Cosima: Das ist eine gute Frage, über die ich mir selbst nach alledem noch nicht viele Gedanken gemacht habe. Grundsätzlich werde ich natürlich auch weiterhin zu den Heimspielen des FCN gehen. Ich glaube aber, dass ich schon ein mulmiges Gefühl haben werde, wenn ich von der Tribüne auf den Rasen, insbesondere an die Stelle blicke, an der es passiert ist. Ich würde mich mit dem heutigen Wissen auch kein zweites Mal bei einem Platzsturm ohne meine Freunde in eine Menschenmenge begeben, aber ich glaube durchaus, dass ich in Zukunft bei vergleichbaren Situationen bedachter sein und stärker aufpassen werde. Gleichzeitig will ich mir das Stadionerlebnis dadurch jedoch nicht verderben lassen und trotzdem versuchen, in Ruhe ein Spiel zu schauen und Spaß daran zu finden.

fcn.de: Niels Rossow, unser Kaufmännischer Vorstand, war eben auch hier und hat dir versichert, dass wir, dass der 1. FC Nürnberg, fest an deiner Seite steht. Was würdest du dir von uns als Verein bzw. anderen Vereinen generell in der Prävention und auch im Nachgang solcher Vorfälle wünschen?

Cosima: Ich bin dem Club auf jeden Fall sehr dankbar für die Unterstützung, die mir jetzt entgegengebracht wird und es ist auch ein wirklich wichtiges Thema, was nicht nur in Fußballstadien, sondern auch an anderen Orten, an denen sich viele Menschen versammeln, immer passieren kann. Vielleicht kann durch Kampagnen oder auch Durchsagen während des Spiels oder in der Halbzeit noch einmal darauf aufmerksam gemacht werden, nicht wegzuschauen und Zivilcourage zu zeigen. Ich finde es sehr wichtig, wenn dieses Thema in Zukunft von Vereinen noch intensiver aufgearbeitet wird. Bei einem Fußballspiel im Stadion ist natürlich nicht der erste oder zweite Gedanke im Hinterkopf eines jeden Fans, dass andere Menschen vielleicht gerade belästigt werden könnten. Deshalb finde ich es wichtig, dass so etwas an die Öffentlichkeit gebracht wird, dass das leider immer wieder passiert, passieren kann, dass man da hinschauen muss, und dass man sich dann auch trauen kann, einzugreifen.
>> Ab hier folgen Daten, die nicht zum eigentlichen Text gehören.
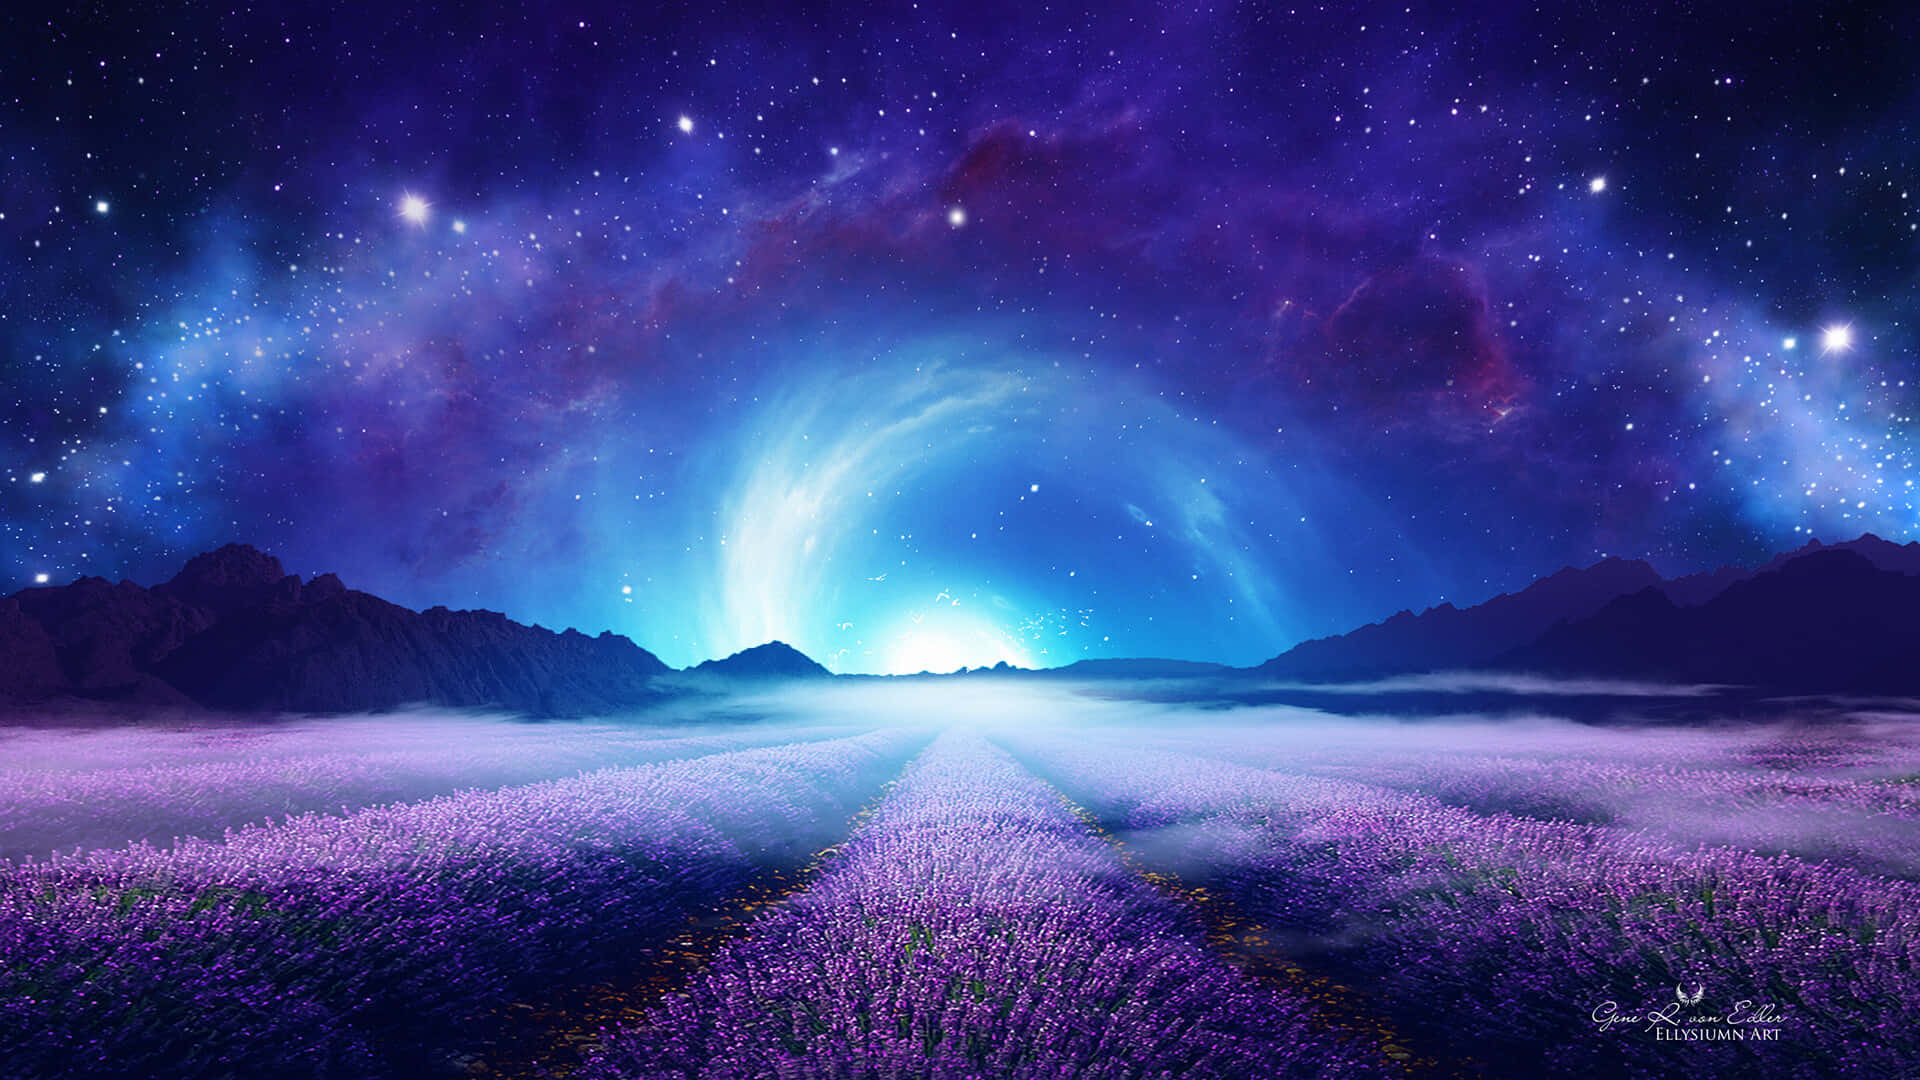 Take a moment to enjoy the beauty of the lavender fields. Wallpaper

Es sind im Stadion Ordner zugegen, es gibt die Stadionwache und jeden einzelnen Zuschauer, der potenziell helfen kann, sexuelle Übergriffe zu verhindern bzw. den Täter direkt zu fassen.

fcn.de: Vielen Dank für das Interview und vor allem den Mut, den du im Umgang mit diesem Thema zeigst. Wir können nur noch einmal wiederholen: Der 1. FC Nürnberg steht fest an deiner Seite, Cosima.